Class DefaultEncodingDetector

java.lang.Object
org.apache.tika.detect.CompositeEncodingDetector
org.apache.tika.detect.DefaultEncodingDetector
All Implemented Interfaces:
Serializable, SelfConfiguring, EncodingDetector

public class DefaultEncodingDetector extends CompositeEncodingDetector
A composite encoding detector based on all the EncodingDetector implementations available through the service provider mechanism.

The default chain (Tika 3.x style) runs three detectors in order, with the first non-empty result winning:

  1. org.apache.tika.parser.html.HtmlEncodingDetector
  2. org.apache.tika.parser.txt.UniversalEncodingDetector
  3. org.apache.tika.parser.txt.Icu4jEncodingDetector
Any other EncodingDetector discovered via SPI (e.g., user-supplied detectors) runs after the three blessed detectors, preserving back-compat for callers who add their own.
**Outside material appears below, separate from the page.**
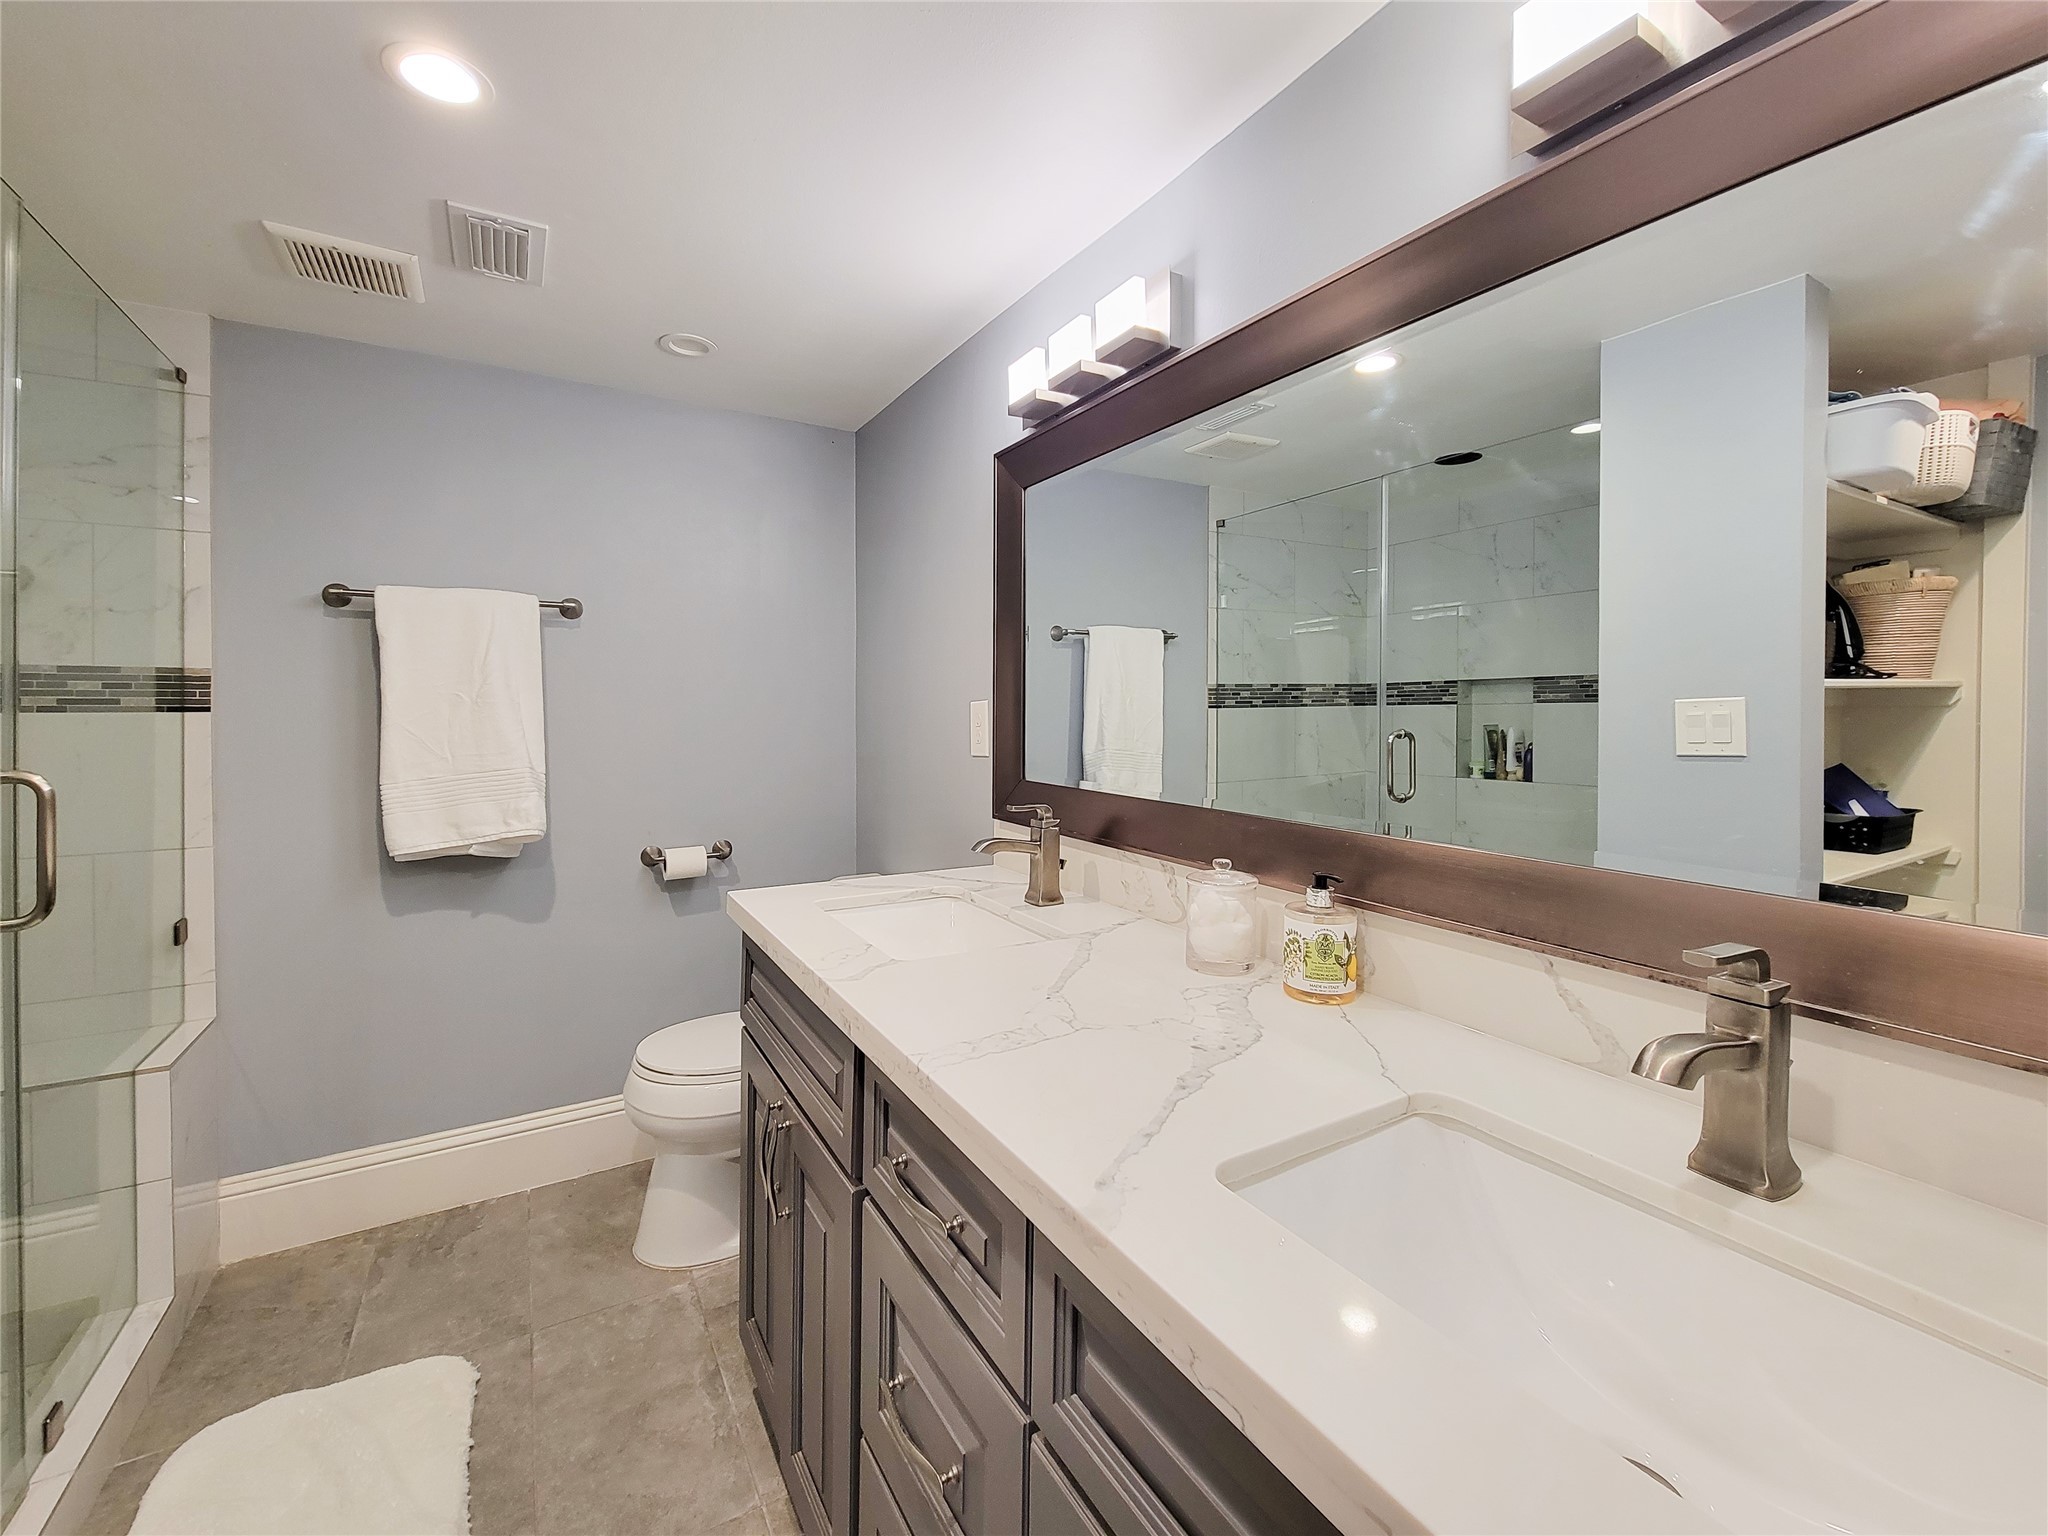 A beautiful new bathroom is designed with efficiency and functionality in mind. Double vanities with a durable and beautiful quartz countertop along with a large walk in shower with a built in bench are just a few well chosen design elements.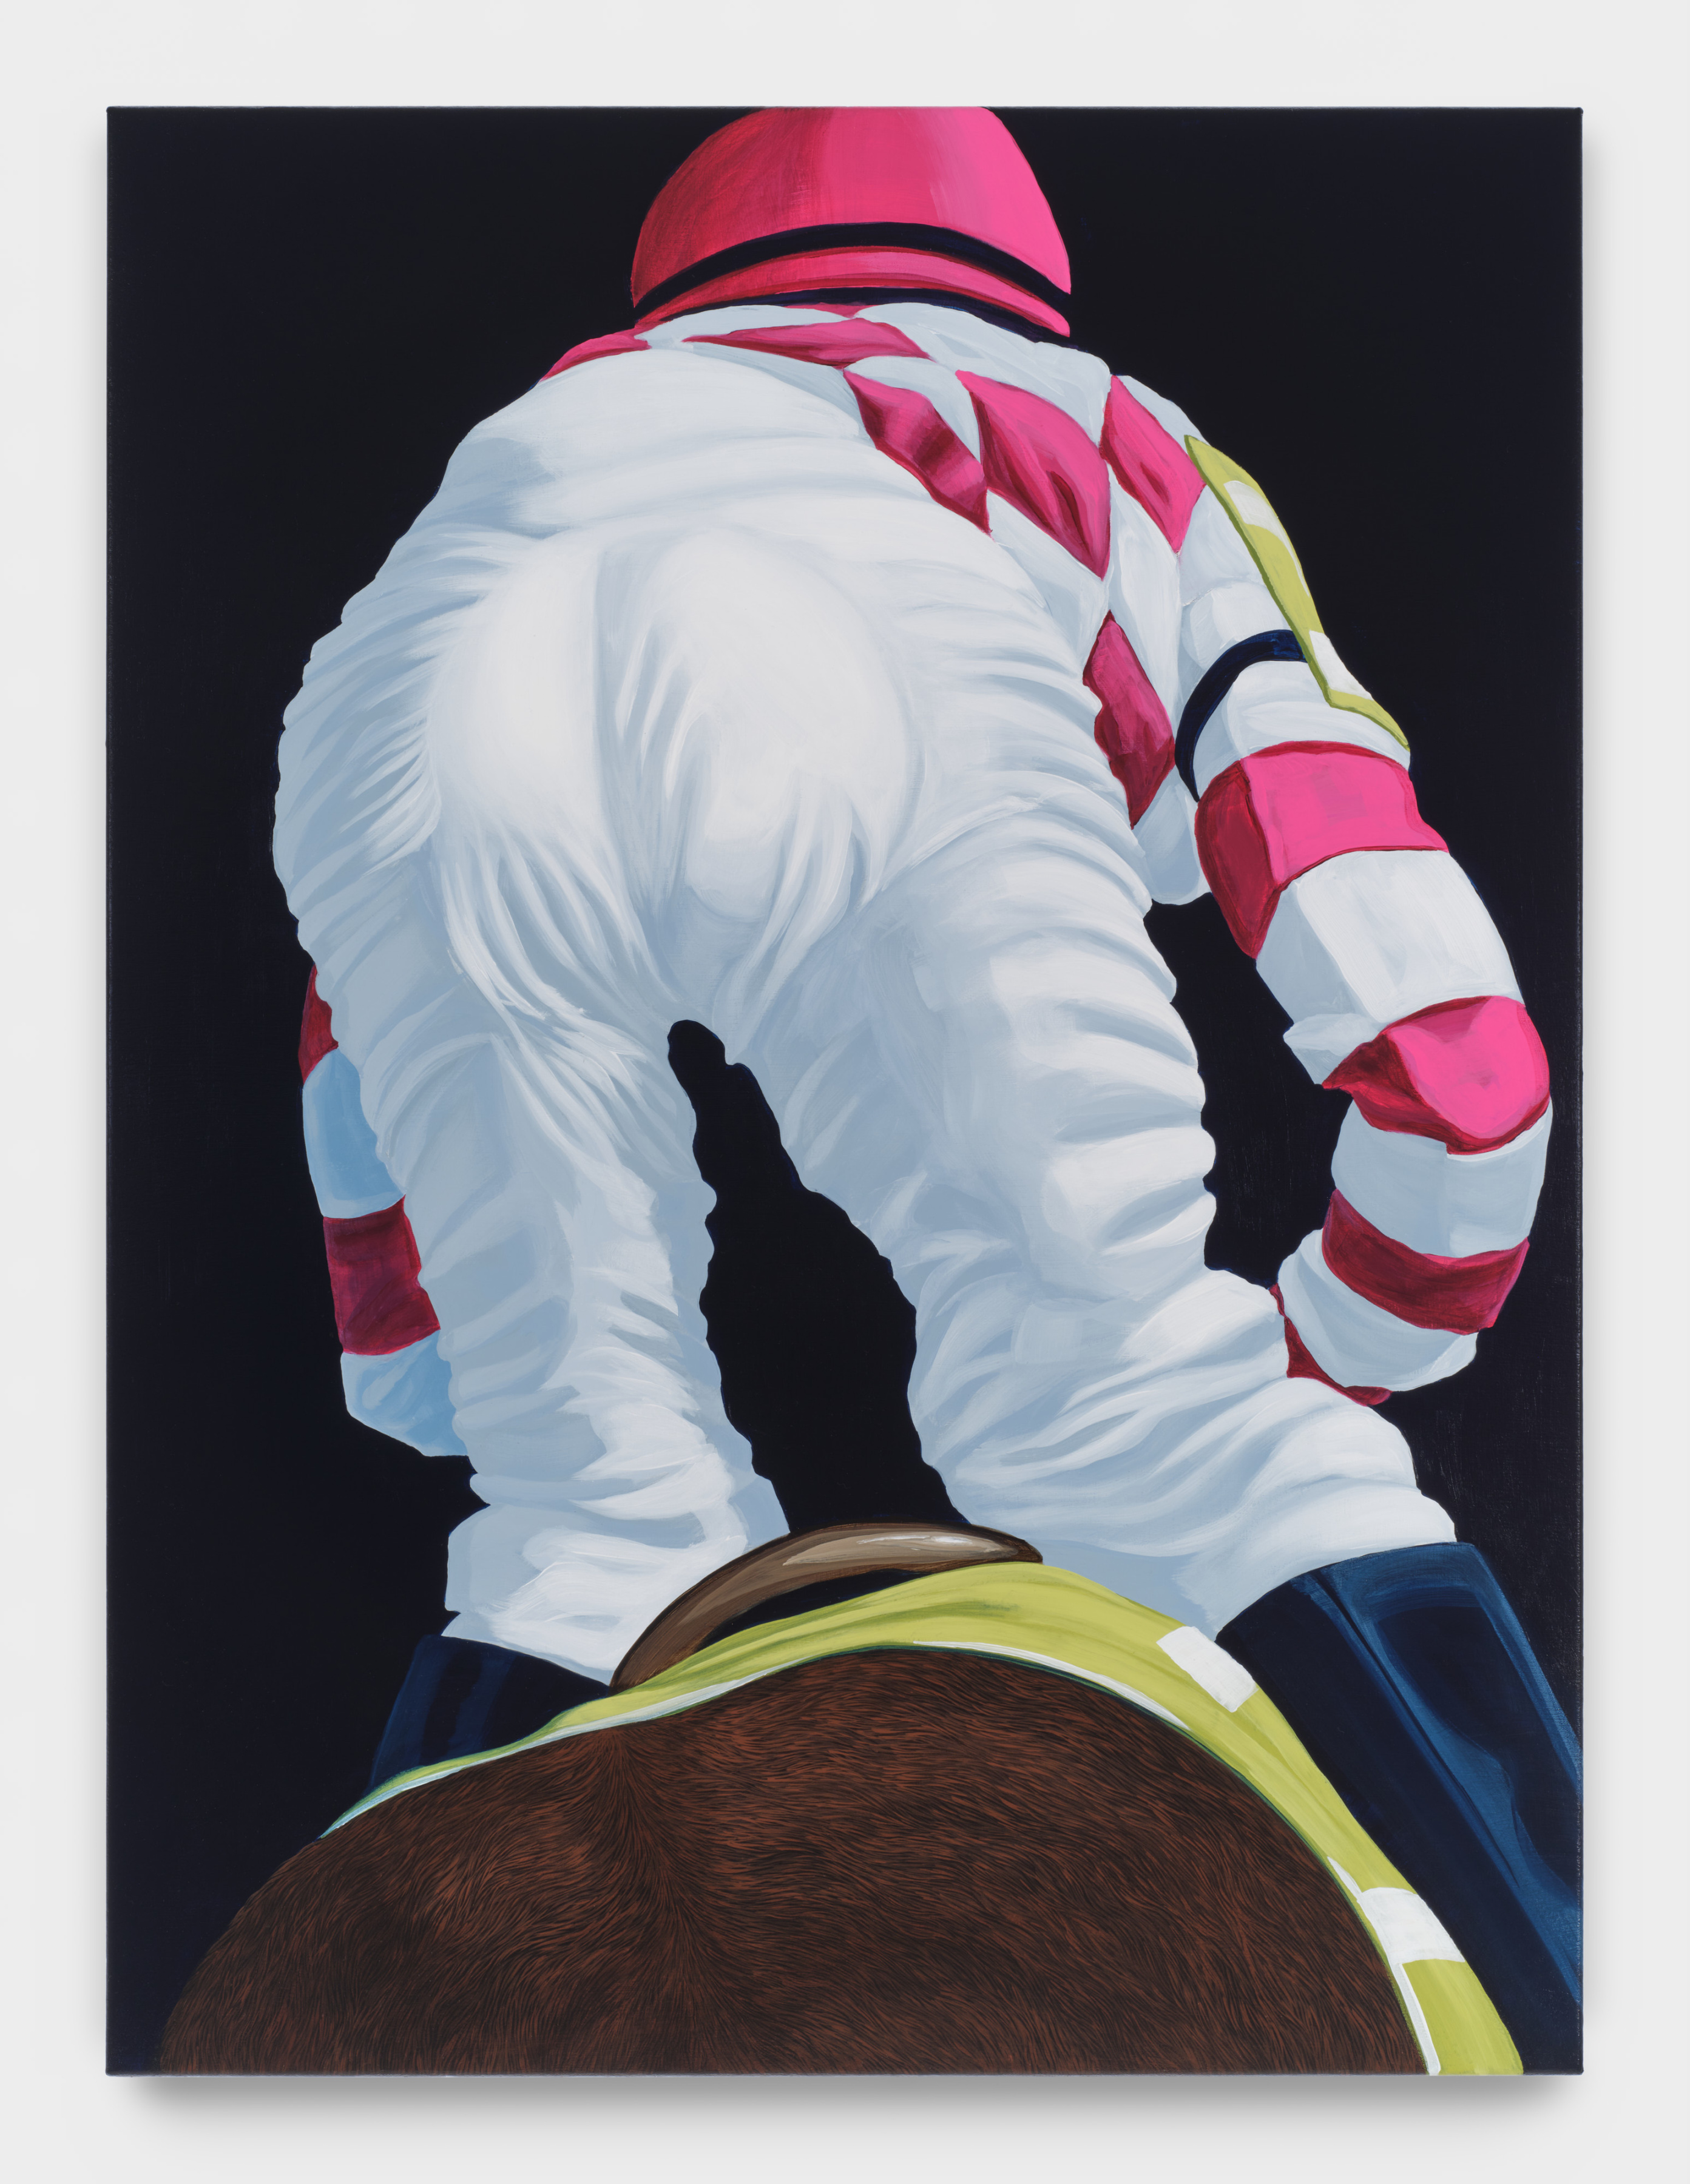 A painting depicting the rear end of a horse and jockey wearing white and pink argyle silks in racing position against a black background.

If you need to control the order of the Detectors explicitly, construct your own CompositeEncodingDetector and pass in the list in the required order.

Since:
Apache Tika 1.15
See Also:
  • Constructor Details

    • DefaultEncodingDetector

      public DefaultEncodingDetector()
    • DefaultEncodingDetector

      public DefaultEncodingDetector(ServiceLoader loader)
    • DefaultEncodingDetector

      public DefaultEncodingDetector(ServiceLoader loader, Collection<Class<? extends EncodingDetector>> excludeEncodingDetectors)